Remember, this is a summary of the tax implications for IRC 1202 (as of 1/2022); it’s not tax advice! Discuss your situation with a tax advisor.

Other planning opportunities, complexities, and considerations

Future tax law changes are possible. The Build Back Better bill (currently stalled in Congress) seeks to limit the exclusion percentage to 50% for individuals with taxable income over $400,000.

State tax rules may differ from the IRS. This article has discussed federal tax treatment but realize states may follow their own rules. For example, California doesn’t adhere to the federal QSBS tax treatment and Massachusetts has its own criteria for small business stock, reducing the tax rate from 5% to 3% when eligible.

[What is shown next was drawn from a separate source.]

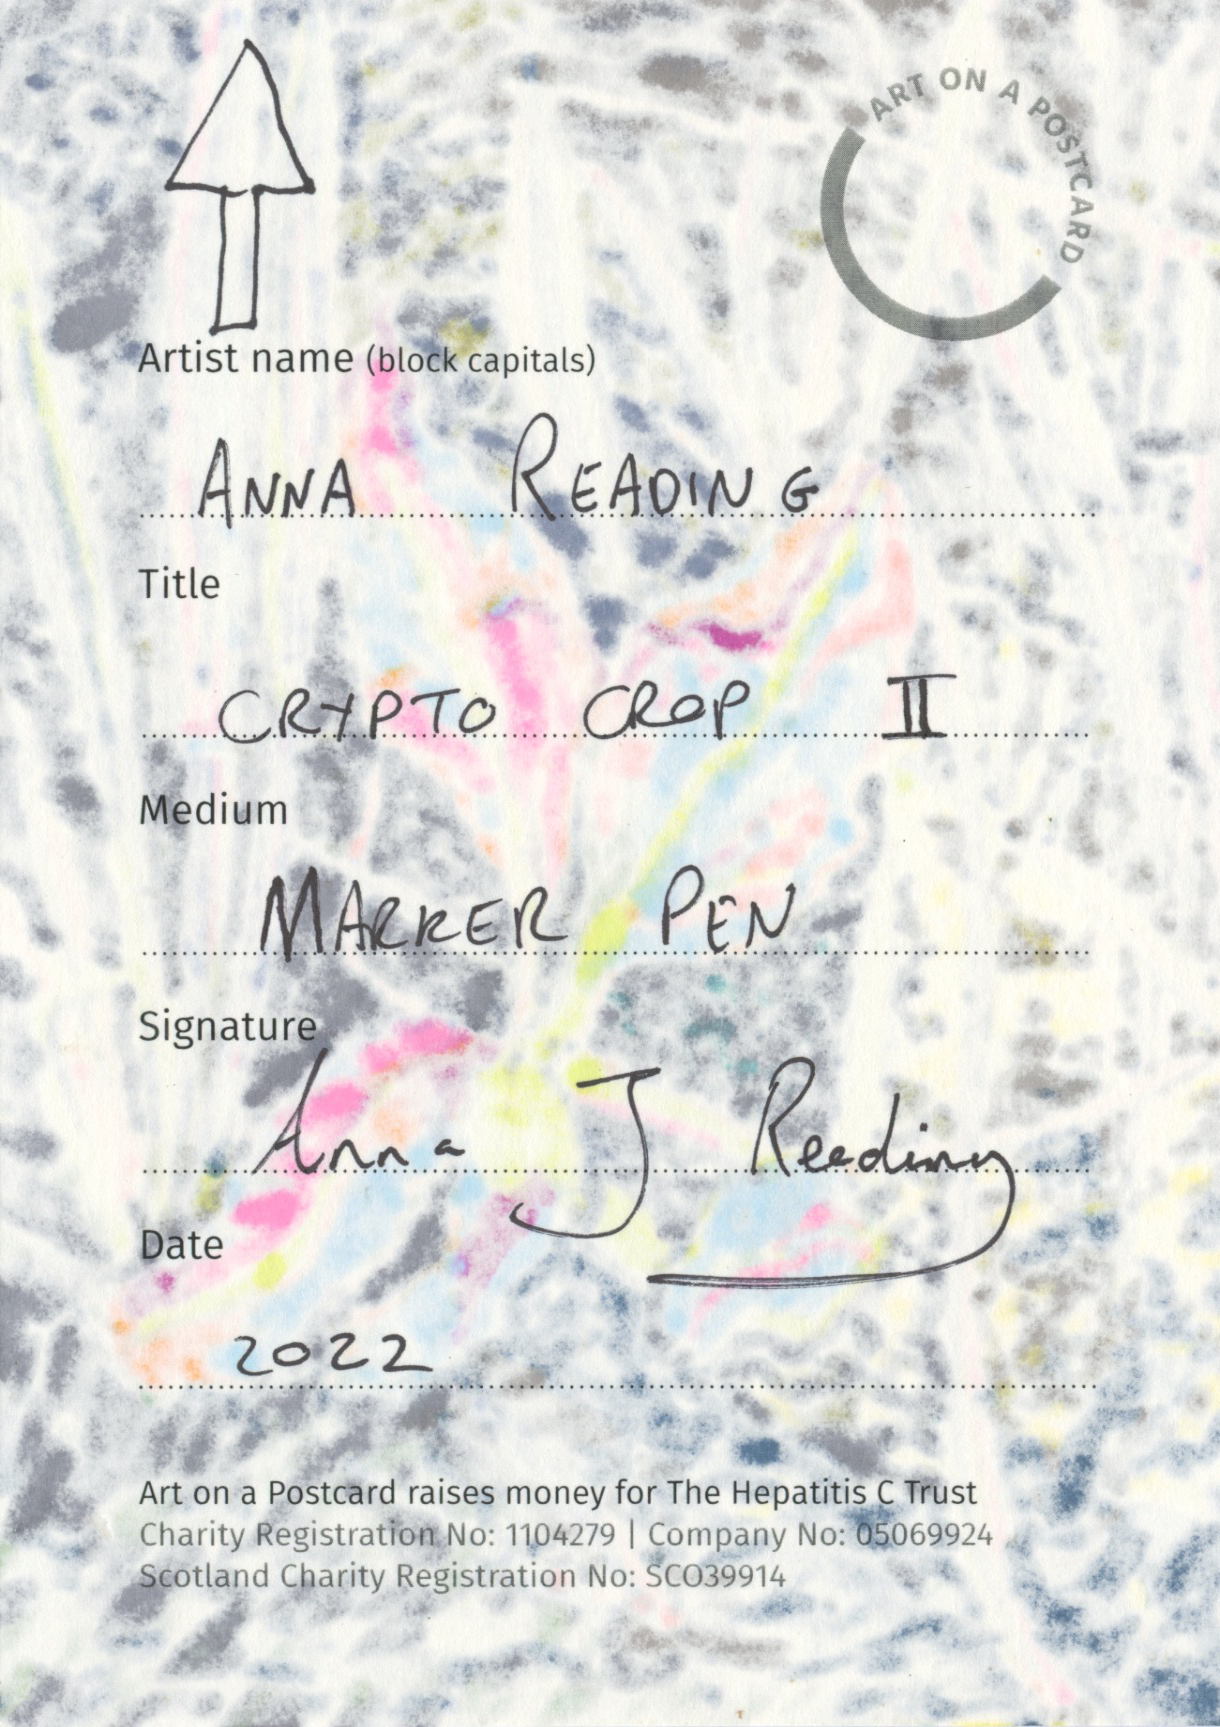 77. Anna Reading - Crypto Crop II - BACK

Planning strategies if the gain is over $10M. The gain exclusion on Section 1202 stock is on a per taxpayer basis. To expand the tax benefits past the 10x/$10M limits, consider planning strategies such as gifting stock to family members. (Each taxpayer will have their own $10M/10x limits).

Another potential strategy is to structure sales of Section 1202 stock to sell low basis stock first (using the $10M cap) followed by high basis stock (to use the annual 10x basis limit). Other strategies may be available depending on your situation.

Tax-free exchanges and rollovers. M&A activity can hurt QSBS treatment if shares haven’t met the 5-year holding period. It may be possible to structure a rollover of QSBS stock using Section 1045 if the shares were held at least 6 months. It’s not always advisable, though. Sometimes a taxable rollover of QSBS is advantageous to lock in tax savings. These are only a couple of the factors to consider.

In the right situations, it may make sense to consider converting an S Corporation to a C Corporation and issuing new stock. Other types of entity structure may also enable Section 1202 eligibility for new stock. However, this route can be challenging. More mature companies may have difficulty staying under the gross asset requirements when new shares are issued. Like some of the other complex strategies here, this isn’t always easy or cheap to accomplish (if possible at all) so speak with an attorney and tax advisor.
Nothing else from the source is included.